Sherry Donegan of Fresno, Calif., had never taken a cruise before when she joined 17 others last month aboard the Royal Caribbean Brilliance of the Seas for a six-day vacation. But a comment from an anti-LGBT employee aboard the ship and being relegated to the back of a ballroom certainly didn't make a good first impression.
Donegan is transgender, and her group consisted of trans women, men, and allies. On her second night, a bartender turned her away, telling her, "We don't serve fags here," she told the Bay Area Reporter,
Donegan filed a complaint aboard ship and two days later was told that employee had been fired and put off the ship in Mexico.
She told the Reporter she doesn't believe Royal Caribbean, which recently scored a perfect 100 on the Human Rights Campaign's Corporate Equality Index for the second year in a row.
And the bartender wasn't the only problem, she told the paper. The maitre d' seated Donegan and her group in a far corner of the dining room. "A table way, way in back of the room, like we are little kids not being seen," Donegan told the Reporter.

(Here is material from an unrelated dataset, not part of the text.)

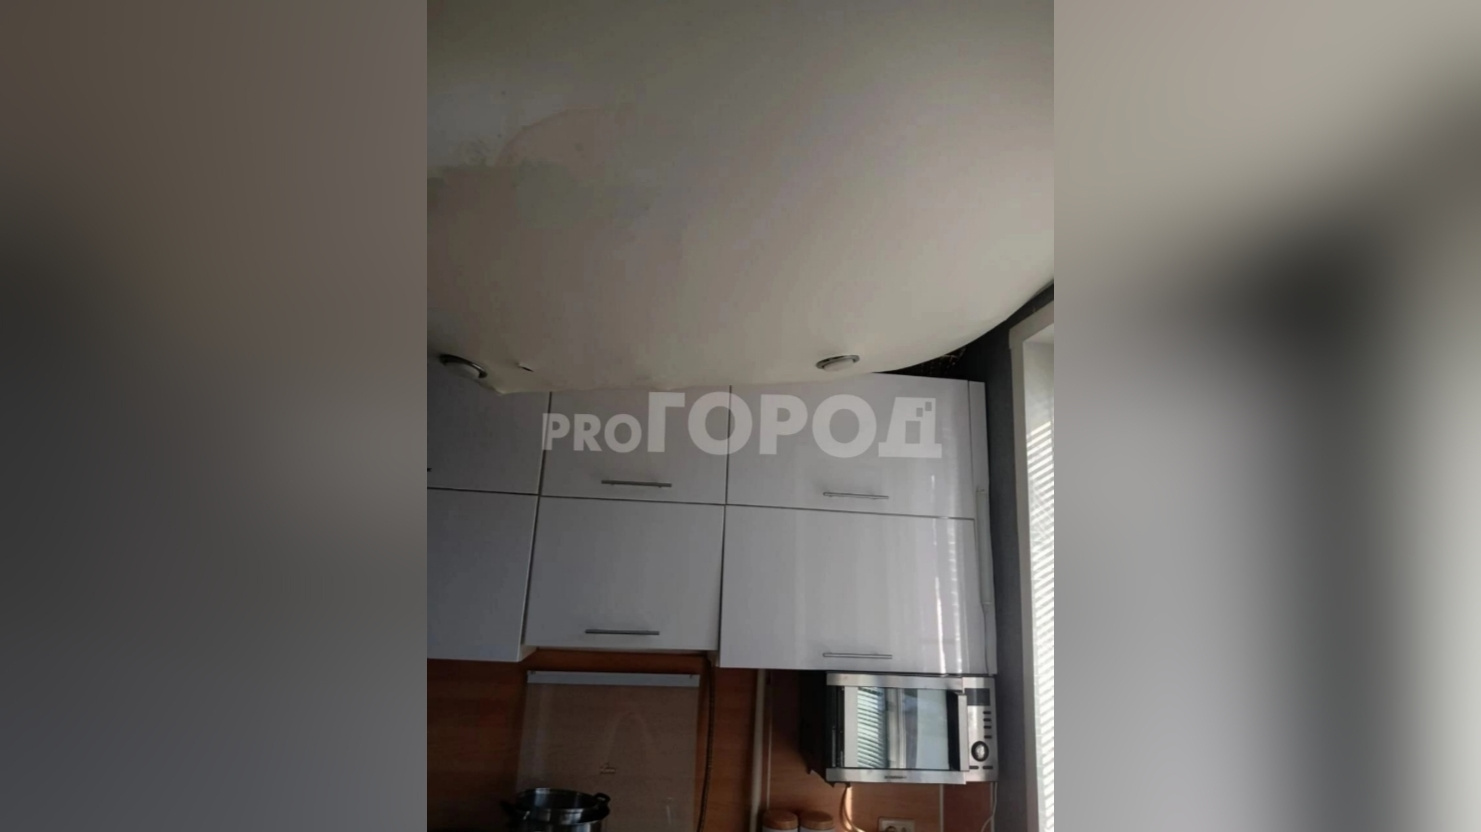 В областном правительстве ответили жильцам кировского дома, пожаловавшимся на рухнувший потолок

The Miami woman who organized the cruise, Stephanie Land, filed a complaint this with Royal Caribbean about the November 8 incident, according to the Reporter. Land is the founder of Transgender Vacations. Donegan told the paper she's also contacted the Transgender Law Center about how she and her group were treated.
Just two days before Donegan and her party left Florida for their cruise, there was another anti-LGBT incident aboard a Royal Caribbean ship. A Brazilian gay man plunged into the ocean from the Oasis of the Seas following an alleged altercation with crew members, who have been accused of taunting him and his husband with antigay remarks.
Royal Caribbean denied there was any physical altercation and said Albaz intentionally jumped over the side of the ship. His body was never recovered.
The cruise line did not respond to inquiries by the Reporter about Donegan's and Land's complaint by press time.